Actions, Resources, and Condition Keys Per Service

If you ever write or review IAM Policies, you should bookmark the documentation page for AWS Actions, Resources, and Context Keys here

This documentation is the seed source for the database that we create in policy_sentry. It contains tables for (1) Actions, (2) Resources/ARNs, and (3) Condition Keys for each service. This documentation is of critical importance because every IAM action for every IAM service has different ARNs that it can apply to, and different Condition Keys that it can apply to.

Action Table

Consider the Action table snippet from KMS shown below (source documentation can be viewed on the KMS documentation here).

Actions Access Level Resource Types Condition Keys Dependent Actions
kms:CreateGrant Permissions management key*    
kms:CallerAccount  
kms:CreateCustomKeyStore Write
  cloudhsm:DescribeClusters

As you can see, the Actions Table contains these columns:

  • Actions: The name of the IAM Action
  • Access Level: how the action is classified. This is limited to List, Read, Write, Permissions management, or Tagging.
  • Condition Keys: The condition key available for that action. There are some service specific ones that will contain the service namespace (i.e., ec2, or in this case, kms. Sometimes, there are AWS-level condition keys that are available to only some actions within some services, such as aws:SourceAccount. If those are available to the action, they will be supplied in that column.
  • Dependent Actions: Some actions require that other actions can be executed by the IAM Principal. The example above indicates that in order to call kms:CreateCustomKeyStore, you must be able to also execute cloudhsm:DescribeClusters.

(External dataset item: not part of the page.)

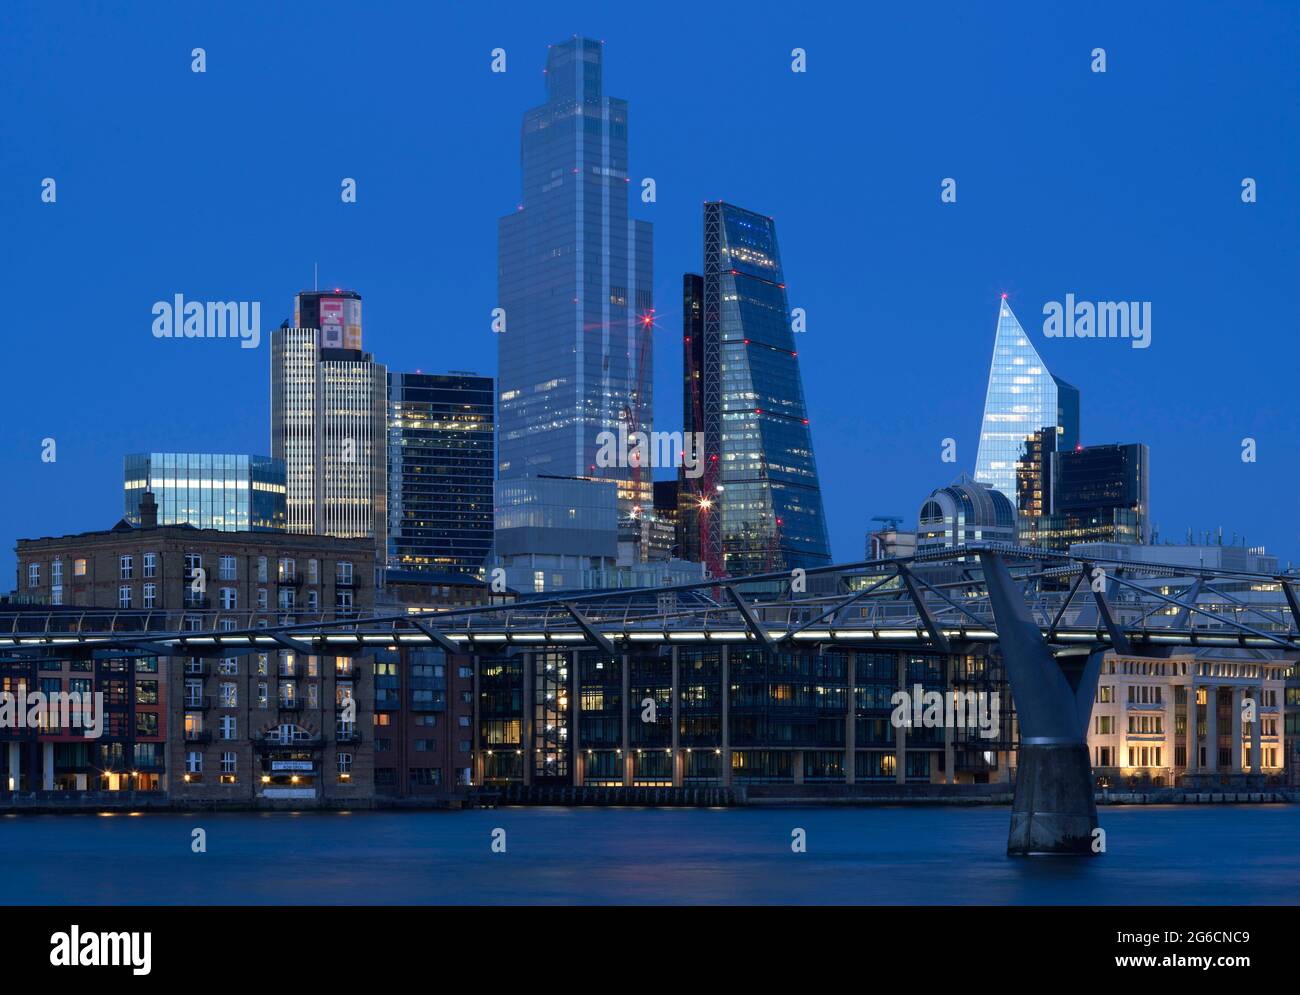 View from Bankside. 22 Bishopsgate, LONDON, United Kingdom. Architect: PLP Architecture, 2020. Stock Photo
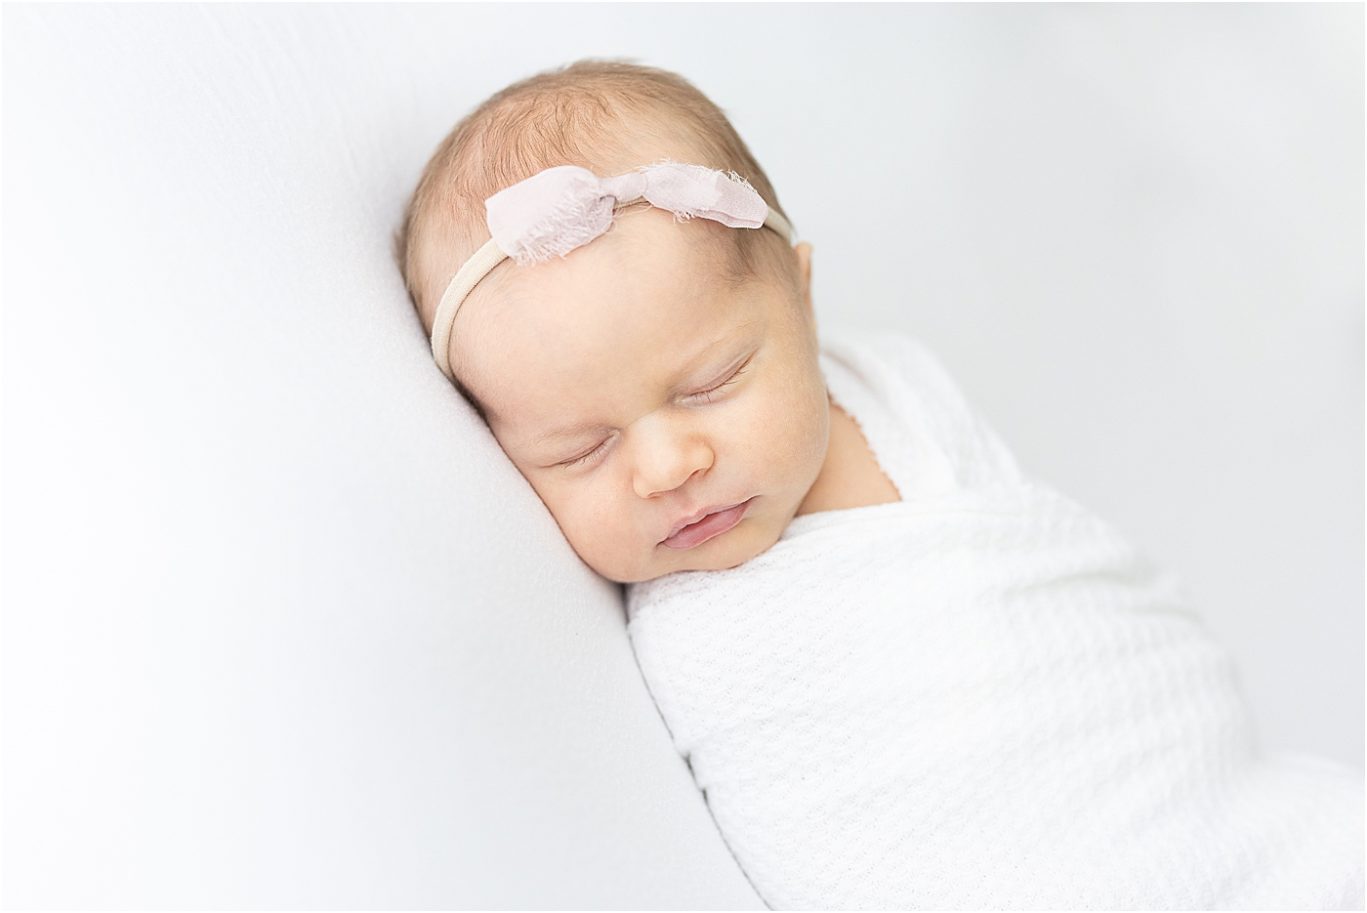 Newborn session with baby girl in studio in Fishers. Photo by Lindsay Konopa Photography.

And most importantly to the context of this tool, there is the Resource Types column:

  • Resource Types: This indicates whether the action supports resource-level permissions - i.e., restricting IAM Actions by ARN. If there is a value here, it points to the ARN Table shown later in the documentation.
    • In the example above, you can see that kms:CreateCustomKeyStore’s Resource Types cell is blank; this indicates that kms:CreateCustomKeyStore can only have * as the resource type.
    • Conversely, for kms:CreateGrant, the action can have either (1) * as the resource type, or key* as the resource type. The ARN format is not actually key*, it just points to that ARN format in the ARN Table explained below.

ARN Table

Consider the KMS ARN Table shown below (the source documentation can be viewed on the AWS website here.

Resource Types ARN Condition Keys
alias arn:${Partition}:kms:${Region}:${Account}:alias/${Alias}  
key arn:${Partition}:kms:${Region}:${Account}:key/${KeyId}  

The ARN Table has three fields:

  • Resource Types: The name of the resource type. This corresponds to the “Resource Types” field in the Action table. In the example above, the types are:
  • alias
  • key
  • ARN: This shows the required ARN format that can be specified in IAM policies for the IAM Actions that allow this ARN format. In the example above the ARN types are:
  • arn:${Partition}:kms:${Region}:${Account}:alias/${Alias}
  • arn:${Partition}:kms:${Region}:${Account}:key/${KeyId}
  • Condition Keys: This specifies condition context keys that you can include in an IAM policy statement only when both (1) this resource and (2) a supporting action from the table above are included in the statement.

Condition Keys Table

There is also a Condition Keys table. An example is shown below.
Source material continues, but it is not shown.